What to produce:
Every line of the material must be restated exactly, though not its pictures.

[Opening Data shown section]

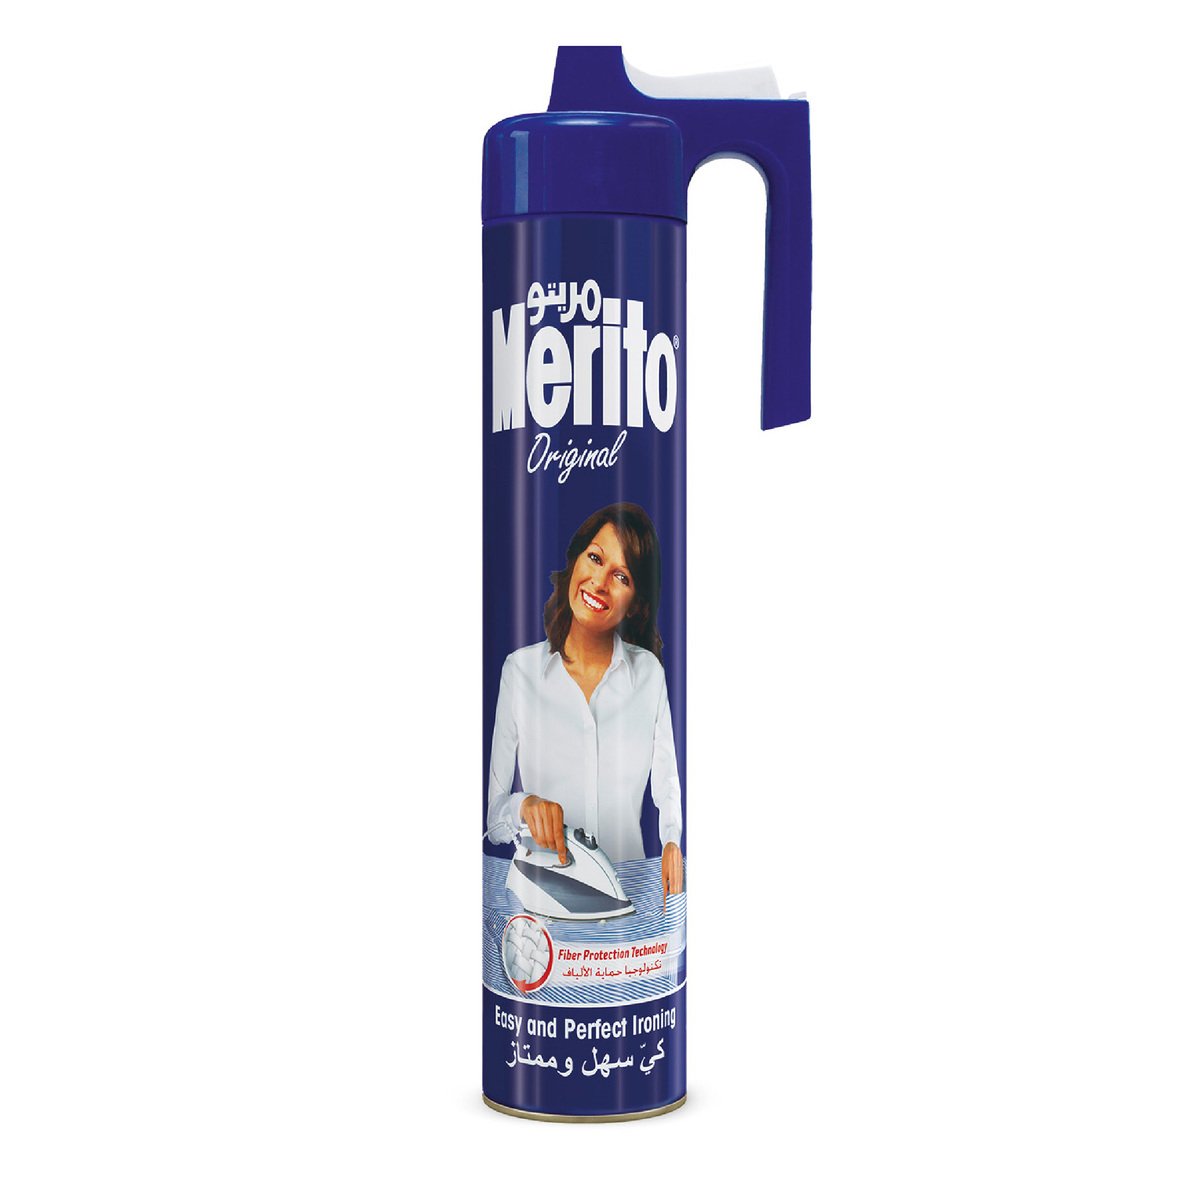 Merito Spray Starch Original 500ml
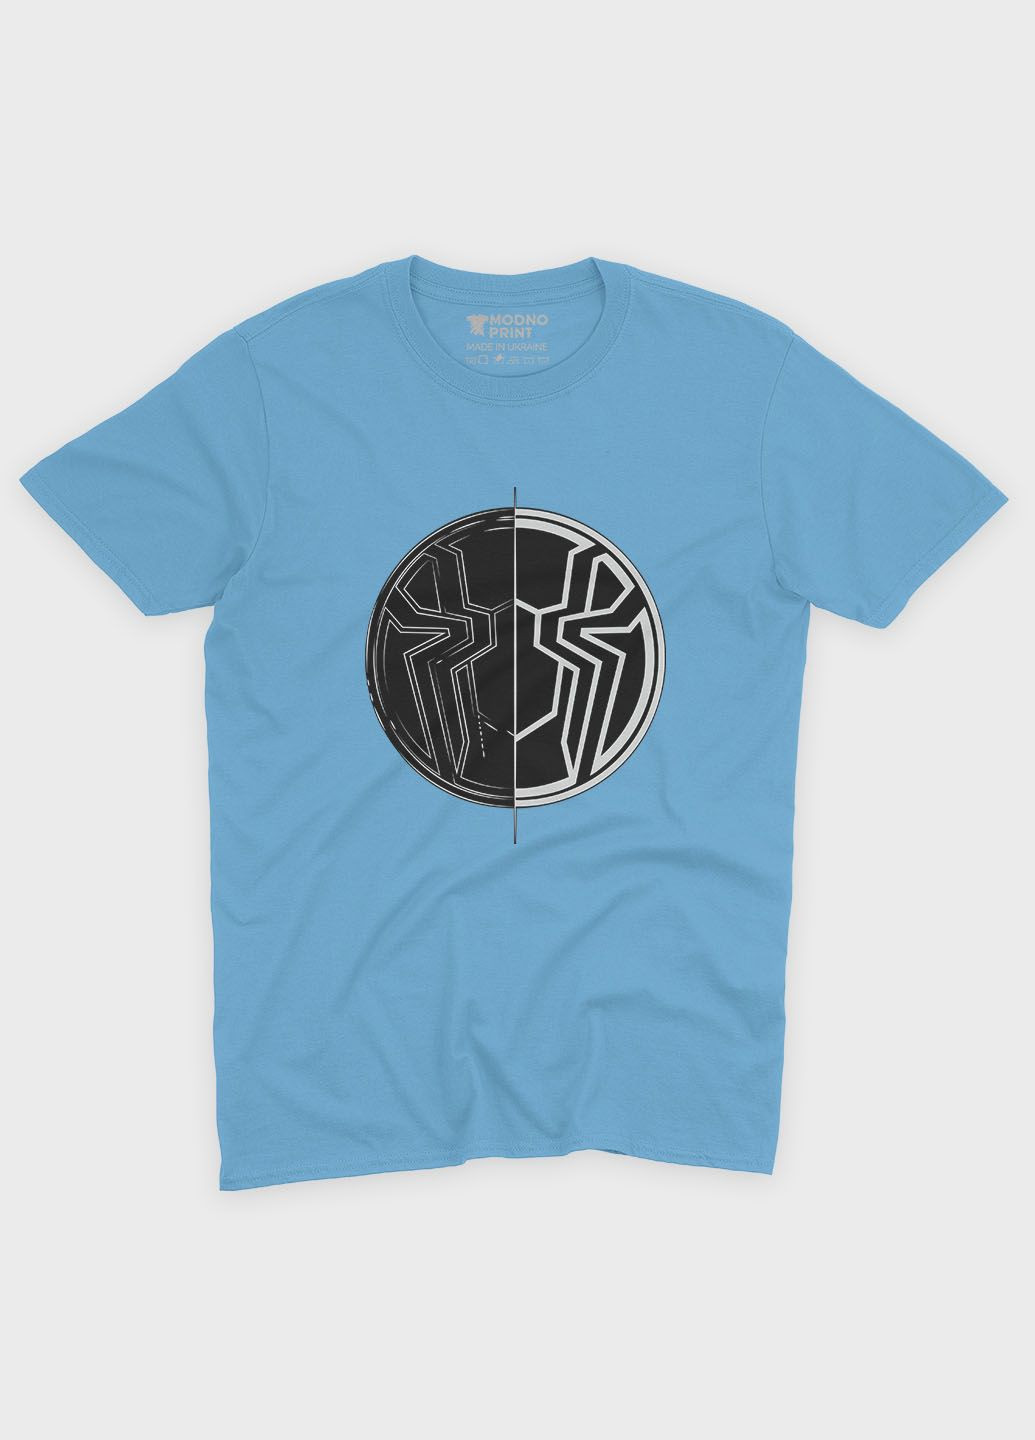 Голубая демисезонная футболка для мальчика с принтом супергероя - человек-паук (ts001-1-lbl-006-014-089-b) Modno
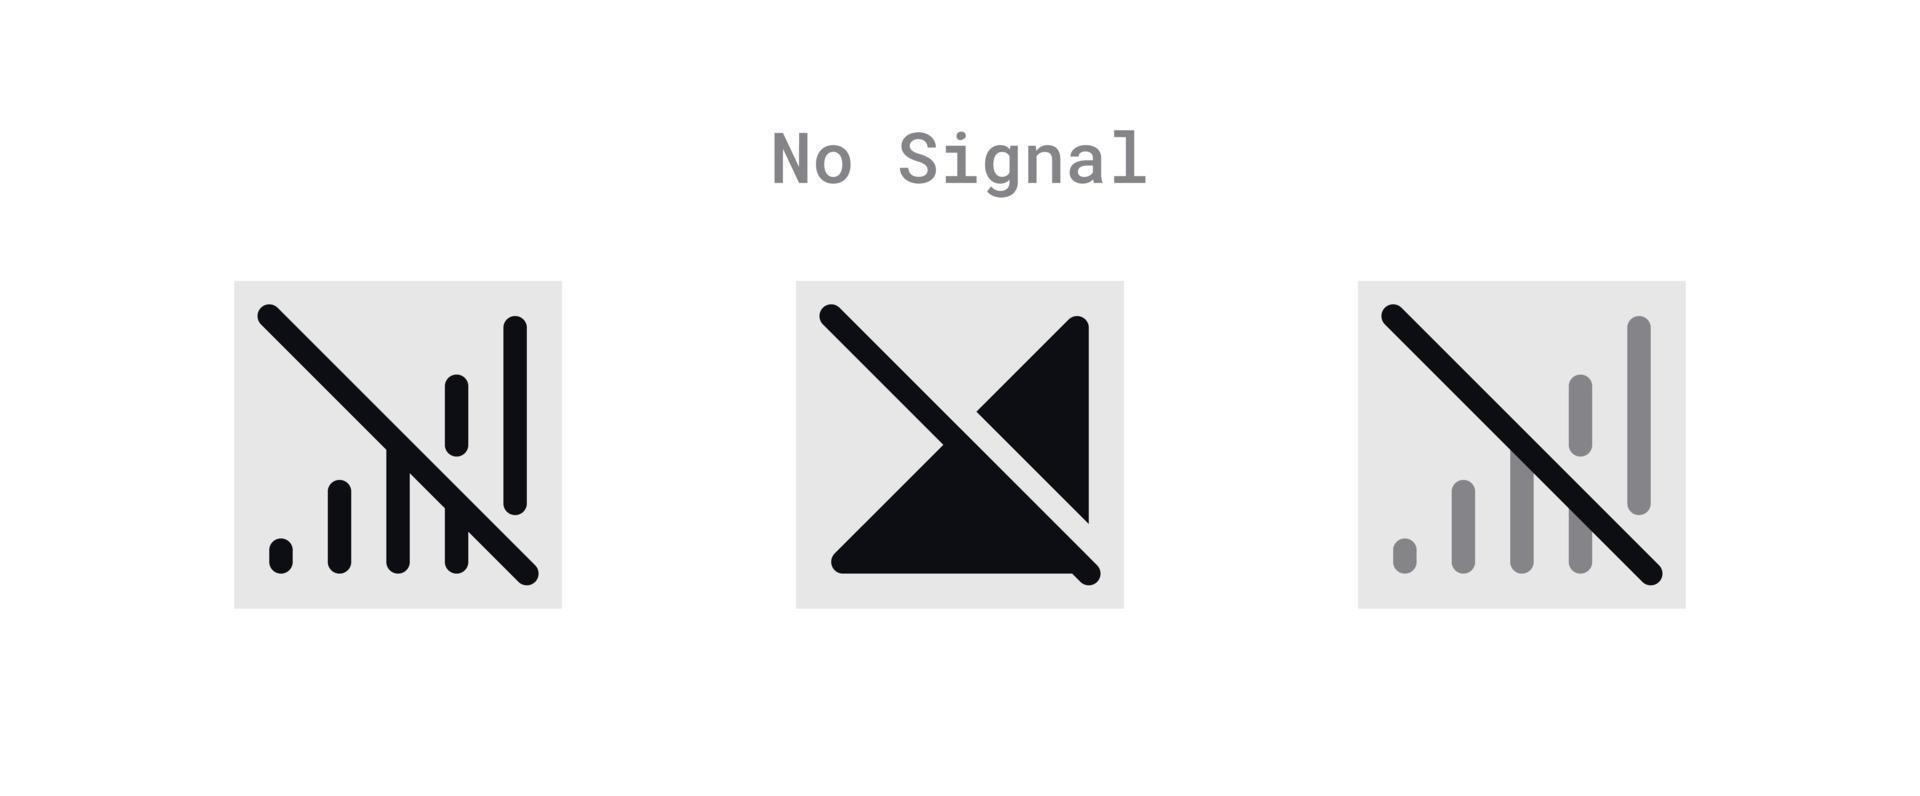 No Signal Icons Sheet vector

[Closing Data shown section]

Expected answer:
 Merito Spray Starch Original 500ml
 Голубая демисезонная футболка для мальчика с принтом супергероя - человек-паук (ts001-1-lbl-006-014-089-b) Modno
 No Signal Icons Sheet vector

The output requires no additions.